Курсовая работа: National features of cuisine and table manners

· to identify the origin of some meals.

While researching there were used the following methods of investigation: analysis of books, magazines, descriptive method and comparative analysis.

The structure of the course paper is caused by the consistency of research. The course paper consists of introduction, chapter I, chapter II, chapter III, conclusion, references and resume.

Chapter I. Various American cuisine

The popular view outside the U.S.A. that Americans survive on cheeseburgers, Cokes and French fries is as accurate as the American popular view that the British live on tea and fish’n’chips, the Germans only on beer, bratwurst, and sauerkraut, and the French on red wine and garlic.

This view comes from the fact that much of what is advertised abroad as “American food” is a very pretty flat, tasteless imitation. American beef, for example, comes from specially grain-fed cattle, not from cows that are raised mainly for milk production. As a result, American beef is tenderer and tastes better than what is usually offered as an “American steak” in Europe. When sold abroad, the simple baked potato that comes hot and whole in foil often lacks the most important element, the famous Idaho potato.
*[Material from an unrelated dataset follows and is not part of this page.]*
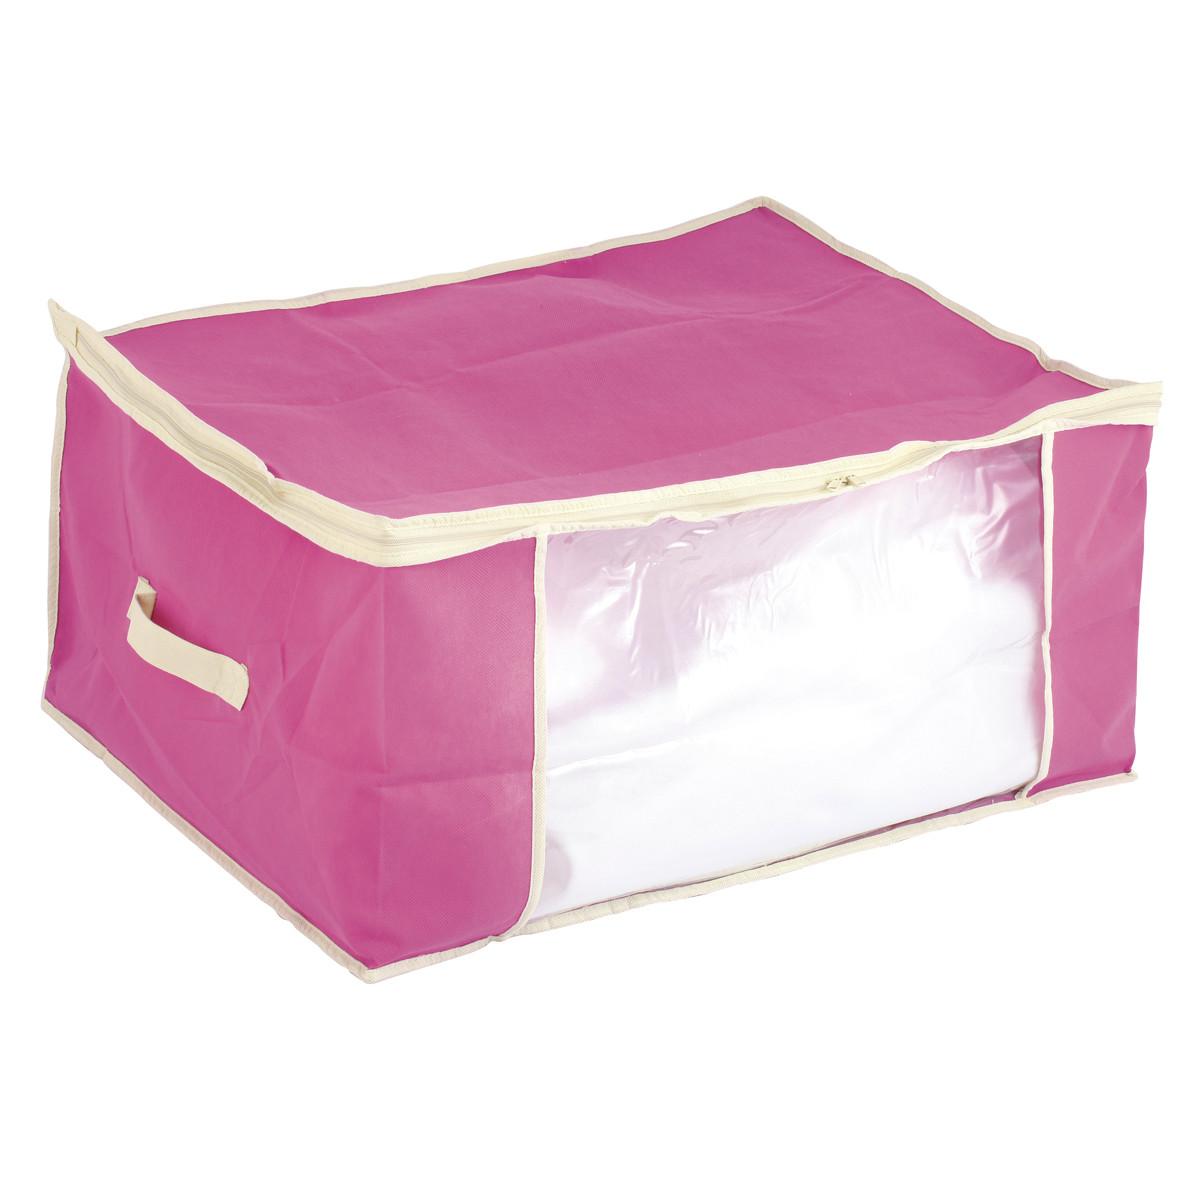 Θήκη Φύλαξης (60x45x30) εstia 03-4736 Pink home   κρεβατοκάμαρα   οργάνωση ντουλάπας

This has different texture and skin that comes from the climate and soil in Idaho.

Even sometimes as basic as barbecue sauces shows difference from many of the types found on supermarket shelves overseas. A fine barbecue sauce from the Southside of Chicago has its own fire and soul. The Texas has a competition each year for the hottest barbecue sauce (the recipes are kept secret).

America has two strong advantages when it comes to food. The first is that as the leading agriculture nation, she has always been well supplied with fresh meats, fruits, and vegetables in great variety at relatively low prices. This is one reason why steak or beef roast is probably the most “typical” American food; it has always been more available. But good Southern-fried chicken also has champions, as do hickory-smoked or sugar-cured hams, turkey, fresh lobster, and other seafood such as crabs or clams.

In a country with widely different climates and many fruit and vegetable growing regions, such items as fresh grapefruit, oranges, lemons, melons, cherries, peaches, or broccoli, iceberg lettuce, avocados, and cranberries do not have to be imported. This is one reason why fruit dishes and salads are so common. Family vegetable gardens have been very popular, both as a hobby and as a way to save money, from the days when most Americans were farmers. They also help to keep fresh food on the table.

The second advantage America has enjoyed is that immigrants have brought with them, and continue to bring, the traditional foods of their countries and cultures. The variety of foods and styles is simply amazing. Whether Armenian, Basque, Catalonian, Creole, Danish, French, German, Greek, Hungarian, Italian, traditional Jewish, Latvian, Mexican, Vietnamese or what have you, these traditions are now also at home in the U.S.A.

There seem to be four trends in America at present, which are connected with foods and dining. First, there has been a notable increase in the number of reasonably priced restaurants, which offer specialty foods. These include those that specialize in many varieties and types of pancakes, those that offer only fresh, baked breakfast foods, and the many that are buffets or salad bars. Secondly, growing numbers of Americans are more regularly going out to eat in restaurants. One reason is that they are not many American women do not feel that their lives are best spent in the kitchen. They would rather pay a professional chef and also enjoy a good meal. At the same time, there is an increase in fine cooking as a hobby for both men and women. For some two decades now, these have been popular television series on all types and styles of cooking, and the increasing popularity can easily be seen in the number of best-selling specialty cookbooks and the number of stores that specialize in often-exotic cooking devices and spices. [2., 52]

A third is that as a result of nationwide health campaigns, Americans in general are eating a much light diet. Cereals and grain foods, fruit and vegetables, fish and salads are emphasized instead of heavy and sweet foods. Finally, there is the international trend to “fast food” chains, which sell pizza, hamburgers, Mexican foods, chicken, salads and sandwiches, seafoods and various ice creams. While many Americans and many other people resent this trend and while, as many are expected, restaurants also dislike it, many young, middle-aged, and old people, both rich and poor, continue to buy and eat fast foods.

Hot Dogs

Tad Dorgan, a sports cartoonist, gave the frankfurter its nickname in 1906. Munching on a frank at a baseball game, he concluded that it resembled a dachshund’s body and put that whimsy into a drawing, which he captioned “Hot dog”.

Sausages go all the way back to ancient Babylon, but the hot dog was brought to the U.S.A. shortly before the Civil War by a real Frankfurter – Charles Feltman, a native of Frankfurt, Germany, who opened a stand in New York and sold grilled sausages on warmed rolls – first for a dime apiece, later, a nickel.

The frank appealed to busy Americans, who – as an early 19th century comment put it – tend to live by the maxim of “gobble, gulp and go”. Nowadays Americans consume more than 12 billion frankfurters a year.